> _DATA_
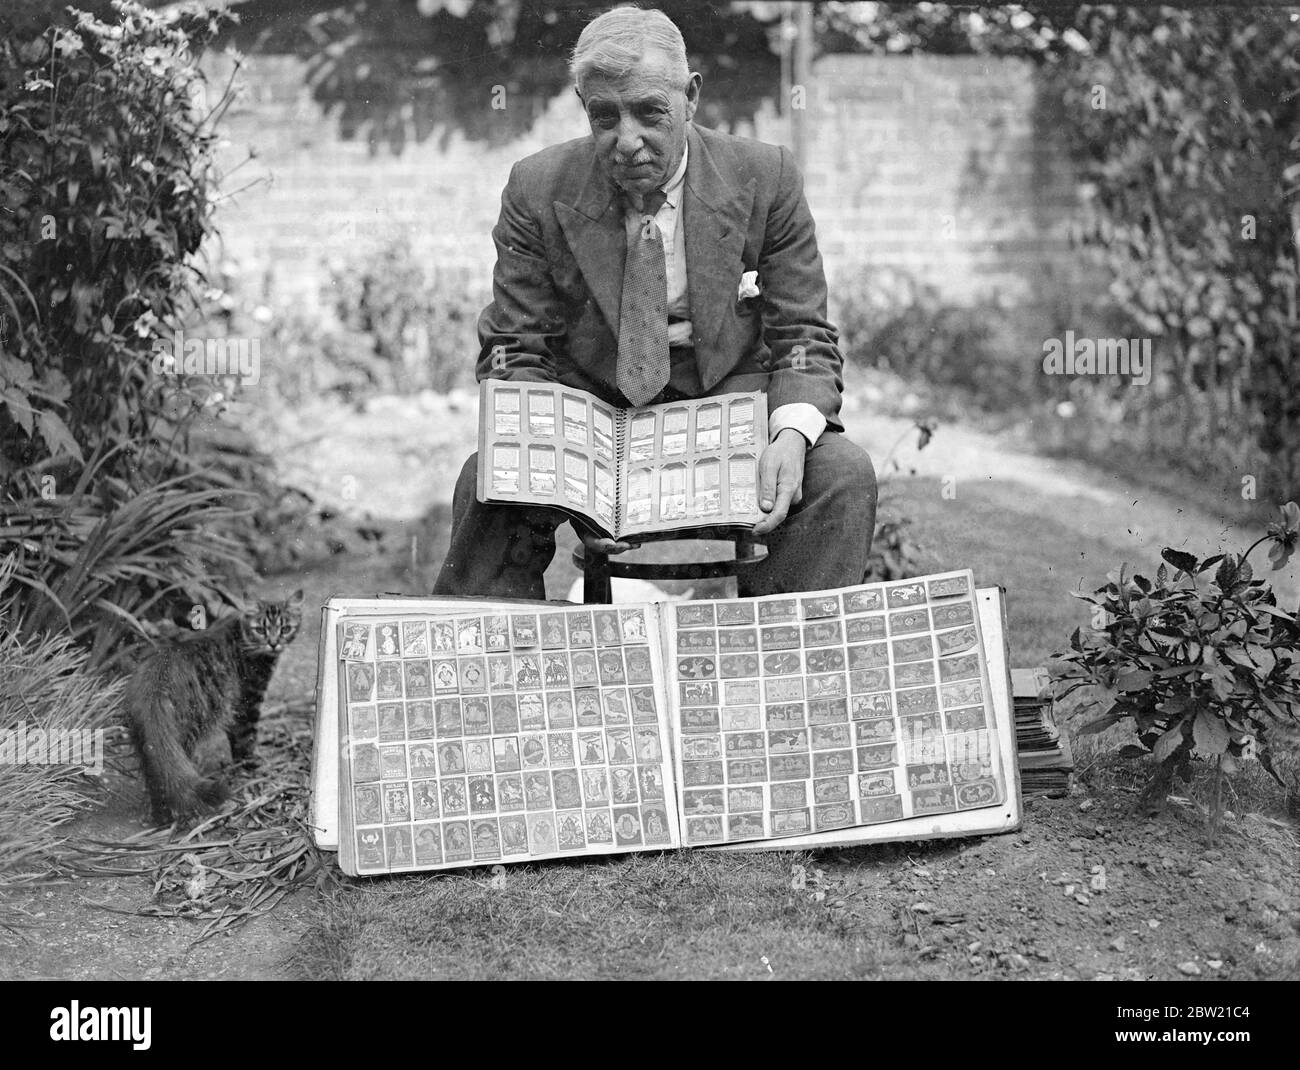 Herr SH Toole mit einigen seiner seltenen Matchbox-Labels in seinem Haus in Southampton wird aufhören, er hat 15,000 Matchbox-Labels in diesen 16 Jahren seit seinem begonnenen Hobby im Jahr 1921 gesammelt. Er plant nun, eine Ausstellung von Match Box-Label-Sammlungen in London zu veranstalten. Bis 13. August 1937. Stockfoto
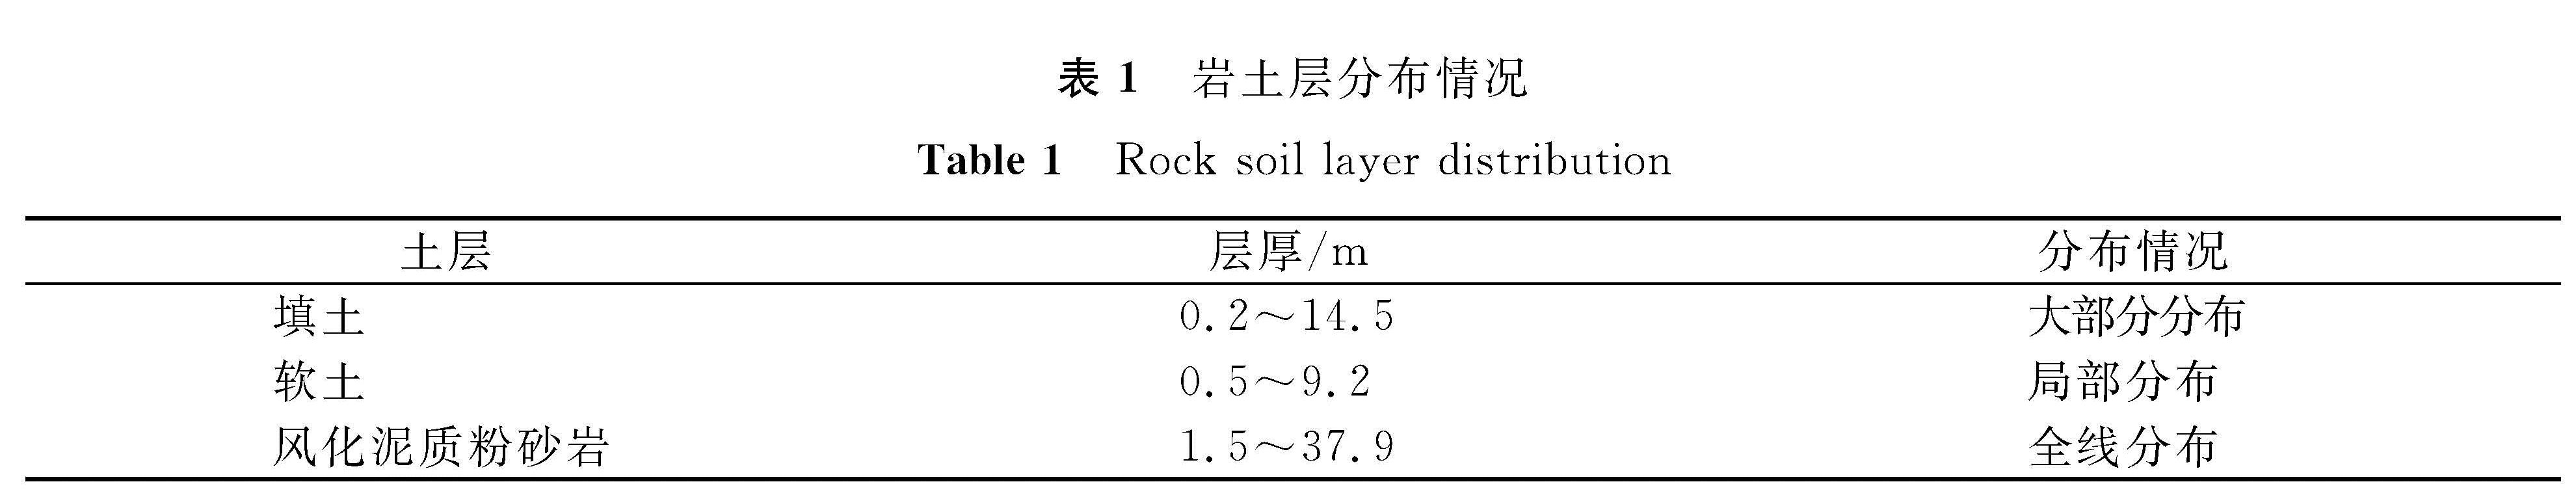 表1 岩土层分布情况<br/>Table 1 Rock soil layer distribution
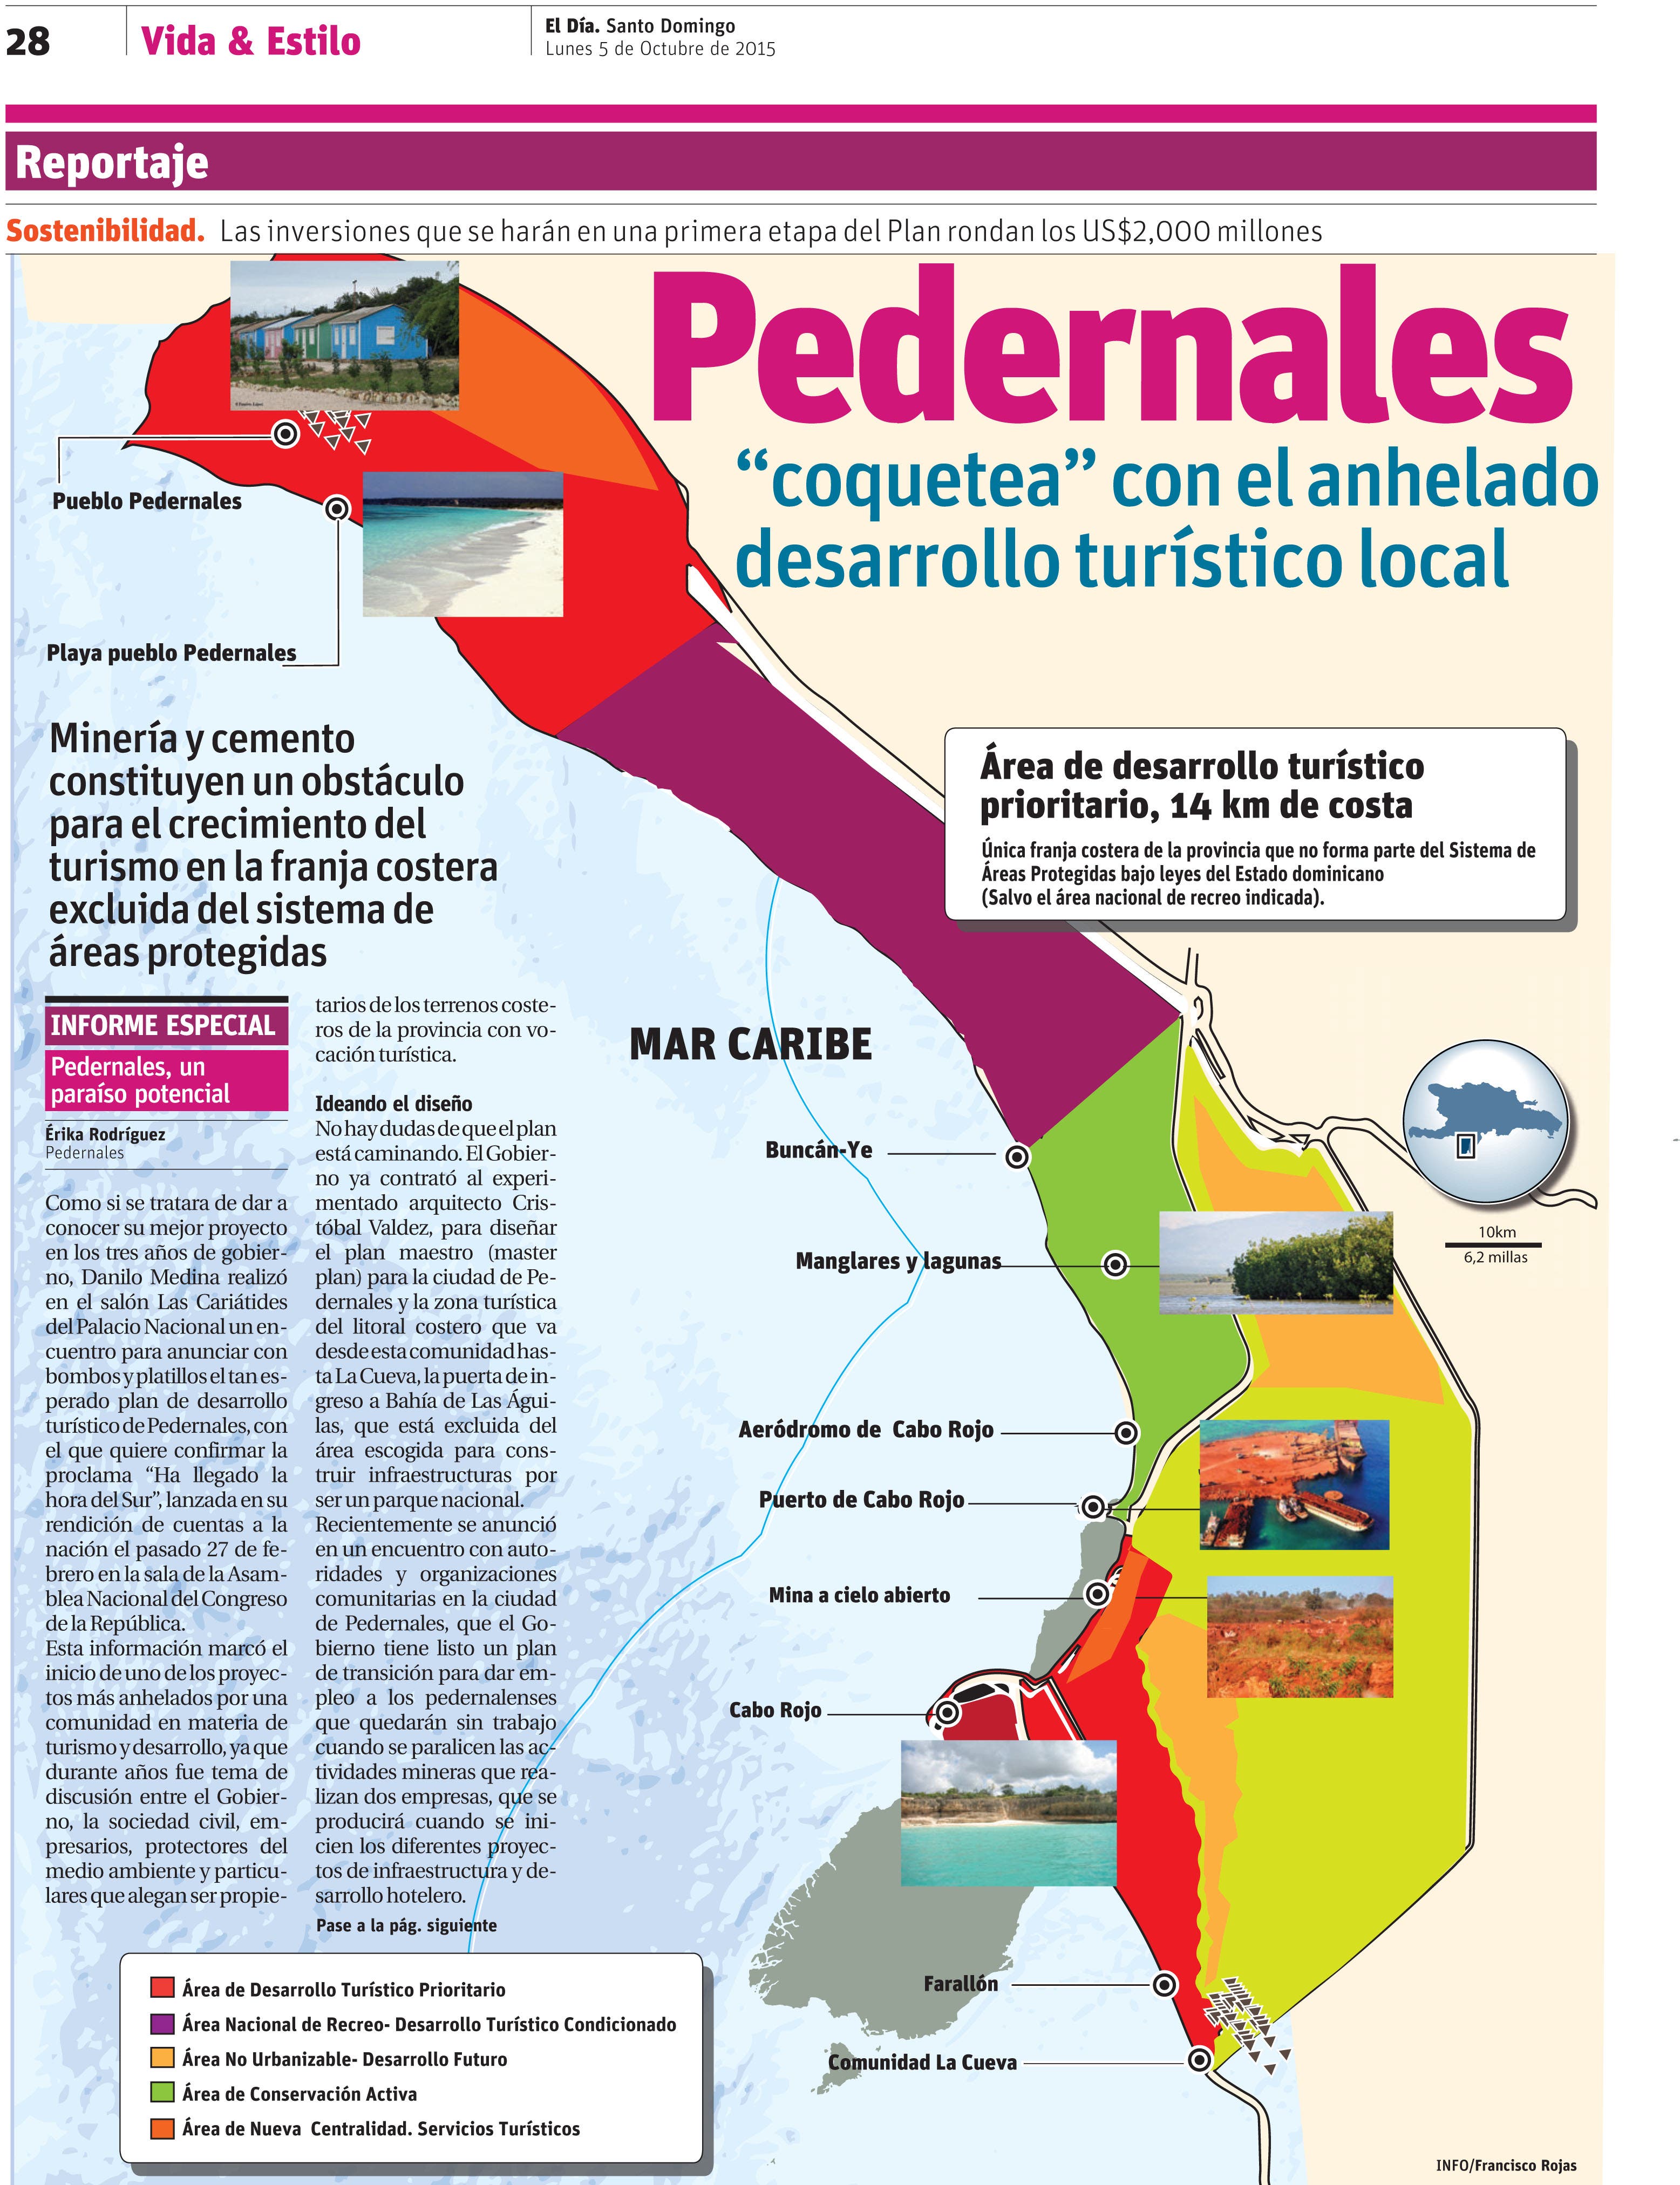 Pedernales “coquetea” con el anhelado desarrollo turístico local

> _WHAT YOU HAVE TO DO_
Reproduce the data above exactly, leaving each picture out.

> _RESPONSE_
 Herr SH Toole mit einigen seiner seltenen Matchbox-Labels in seinem Haus in Southampton wird aufhören, er hat 15,000 Matchbox-Labels in diesen 16 Jahren seit seinem begonnenen Hobby im Jahr 1921 gesammelt. Er plant nun, eine Ausstellung von Match Box-Label-Sammlungen in London zu veranstalten. Bis 13. August 1937. Stockfoto
 表1 岩土层分布情况<br/>Table 1 Rock soil layer distribution
 Pedernales “coquetea” con el anhelado desarrollo turístico local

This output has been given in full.